Jenna's former blog. It will still be here, but she will not be here.

2/24/2005

 
I was being stupid and I told Crystal that some of the assholes guys in my shop class were talking shit about her. They were, but there's nothing she could do about it so I shouldn't have told her. But anyway, Susan asked if I said anything to them and I said no. I wanted to, but all I could think of was "shut up dumbass" and I didn't think that'd go over real well. Then Susan continued to say what she "would have said" if it had been her. Right. I seem to remember that less than a year ago a certain Ryan Burns called Tasha, April, Janelle, and I dikes in art, right in front of Susan, and she sat there. And this wasn't a class full of guys she didn't know. She had friends in that class, and she knew Ryan. Yet she expects me to mouth off to a bunch of older guys that I barely even know the names of. The same guys that I have to ask for help from and see everyday.
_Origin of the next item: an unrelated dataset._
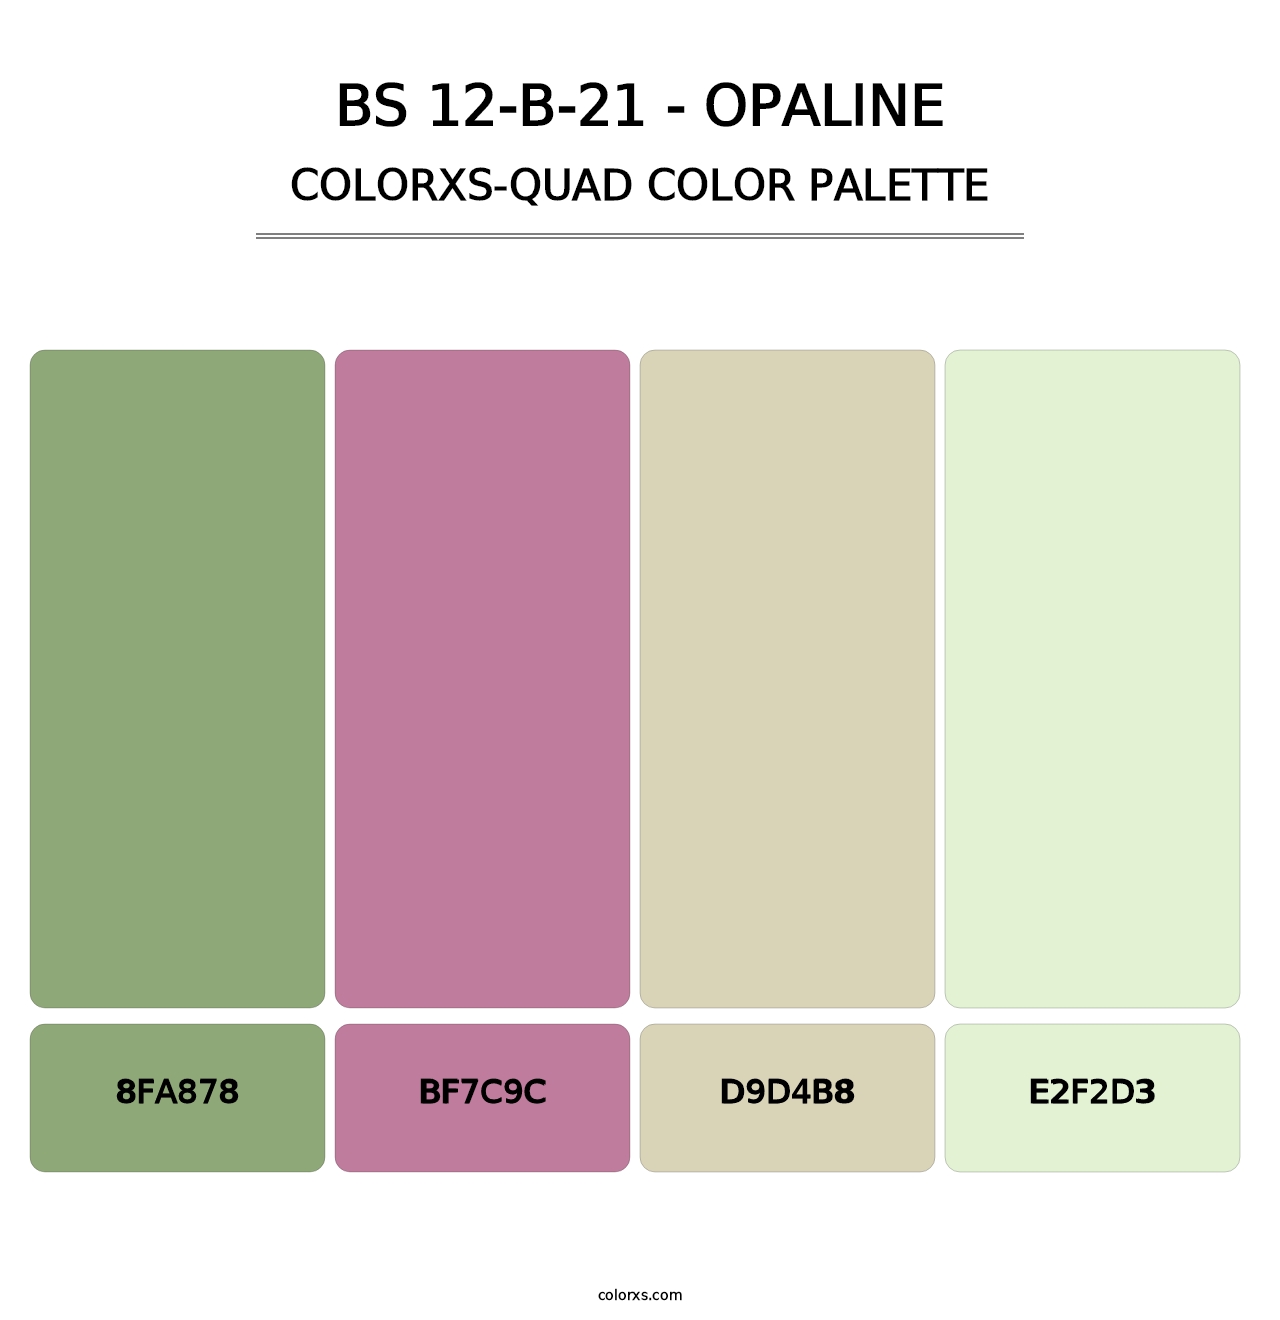 BS 12-B-21 - Opaline - Colorxs Quad Palette

Yeah, hypocrisy pisses me off too.

I wish I had said something along the lines of, "Shut the hell up, you guys don't even know her." Granted, that's not the best line ever, but continue.
To which one probably would have responded, "I've known her since 7th grade."
The I would have retorted, "She's been one of my best friends since 2nd grade and she's one of the nicest people you'll ever meet, but you're too stupid for her to care about."
And I assume there would be mumbles and some Oh's and such, and Bower would probably step in about there and tell the guys that Crystal's a sweet girl and if they keep talking they'll get sentences.

Or, I wish I had brought up the Ryan incident to Susan after she said that stuff so she would have realized her own cowardice and maybe apologized.

Alas, I always think of the right (or close to the right) thing to say hours after the moment has passed. Maybe that's why I like writing and communicating through email/aim/comment boxes; there's more time to think about what you want to say and how to word it right. Then again, I do like to talk in person, but usually those conversations advance differently than written ones. Anyone see where I'm going with this? I can't really explain any further, it's late and I need to sleep.

Comments:
I hate it whenever I think of the perfect thing to say but the moment has passed. Luckily, I don't have too many of those.. nor do I have any real regrets.

I prefer talking to people in real life, actually. Sometimes peolpe get caught up when they're behind the computer or something. Or are just a little too slow typing.

Hmmm... I've heard that Crystal is pretty nice. But I don't think I'll ever know that for myself really. She glares at me like I'm a complete asshole. Especially when I said that I was glad that Anne Frank dies. Maybe.. eventually I'll talk to her? Because we're in the same homeroom. Not too sure.. but alright.